» **WHAT NEEDS TO BE DONE**: If a line holds an image, leave the image out; write out everything else in the records exactly.

» **TASK MATERIAL**:
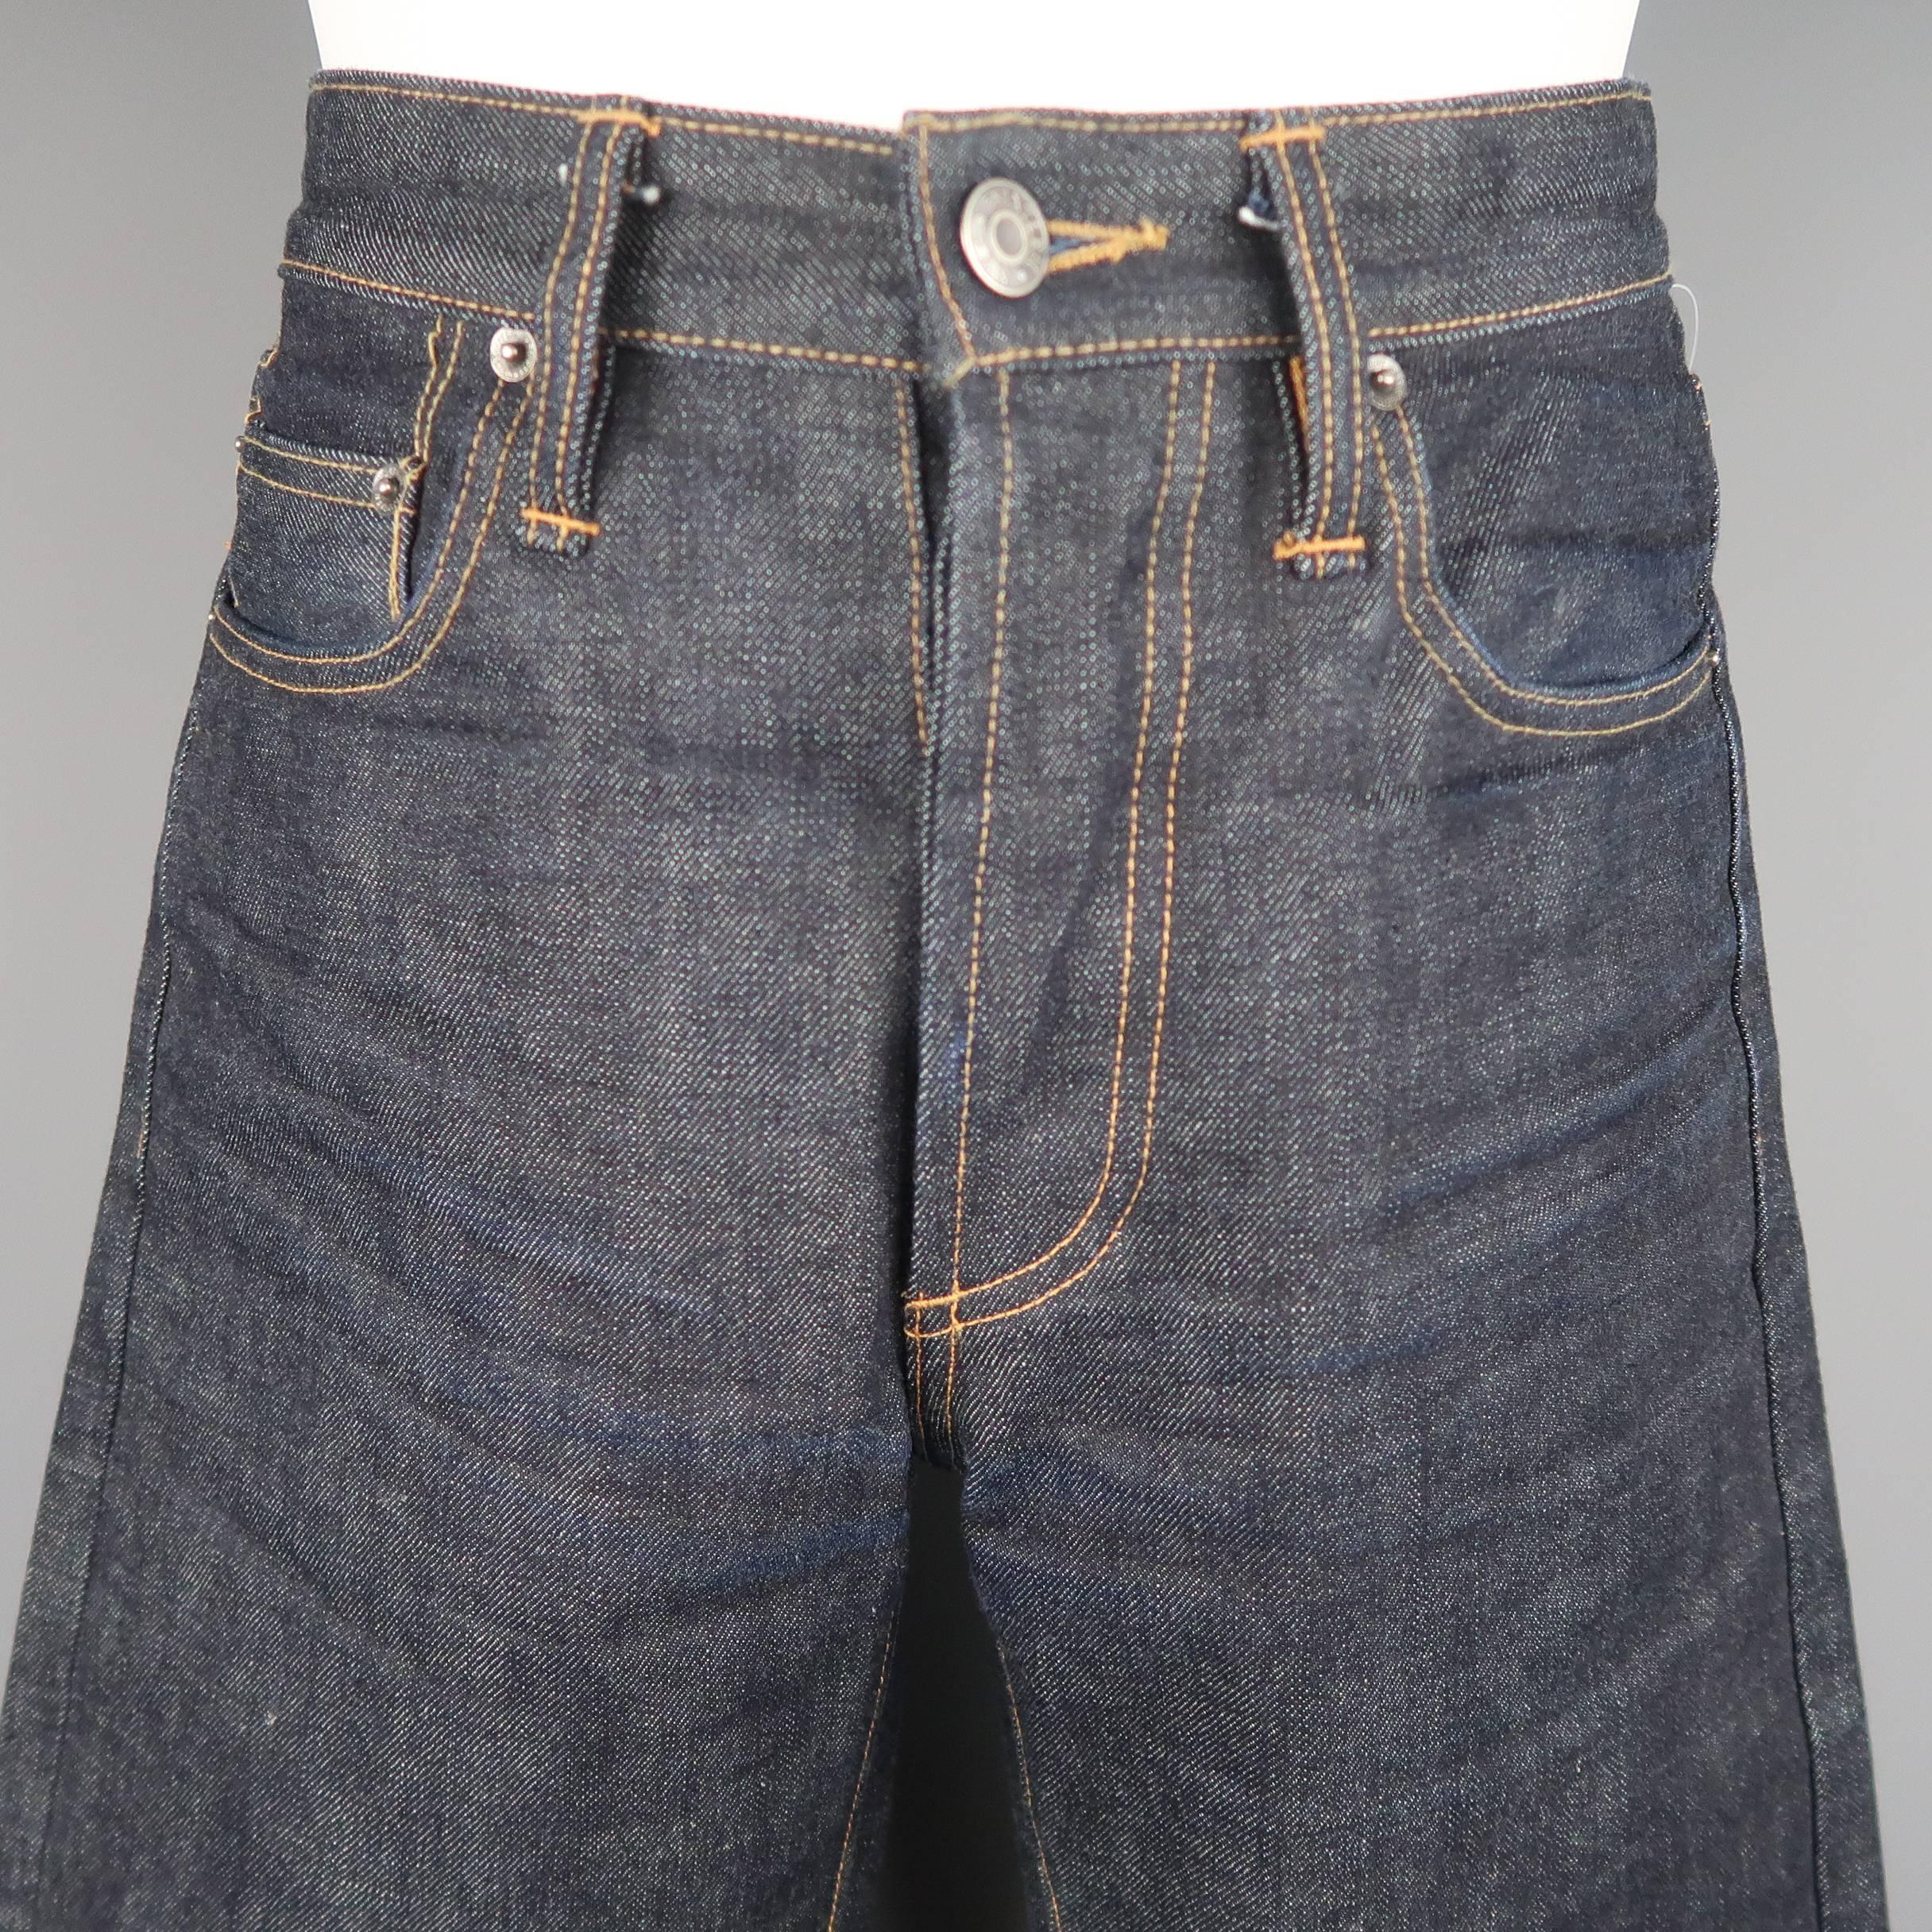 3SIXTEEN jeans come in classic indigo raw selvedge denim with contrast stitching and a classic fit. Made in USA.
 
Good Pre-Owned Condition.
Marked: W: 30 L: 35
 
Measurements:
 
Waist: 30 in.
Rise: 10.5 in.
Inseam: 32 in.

» **RESPONSE TO THE EXERCISE**:
 3SIXTEEN jeans come in classic indigo raw selvedge denim with contrast stitching and a classic fit. Made in USA.
 
Good Pre-Owned Condition.
Marked: W: 30 L: 35
 
Measurements:
 
Waist: 30 in.
Rise: 10.5 in.
Inseam: 32 in.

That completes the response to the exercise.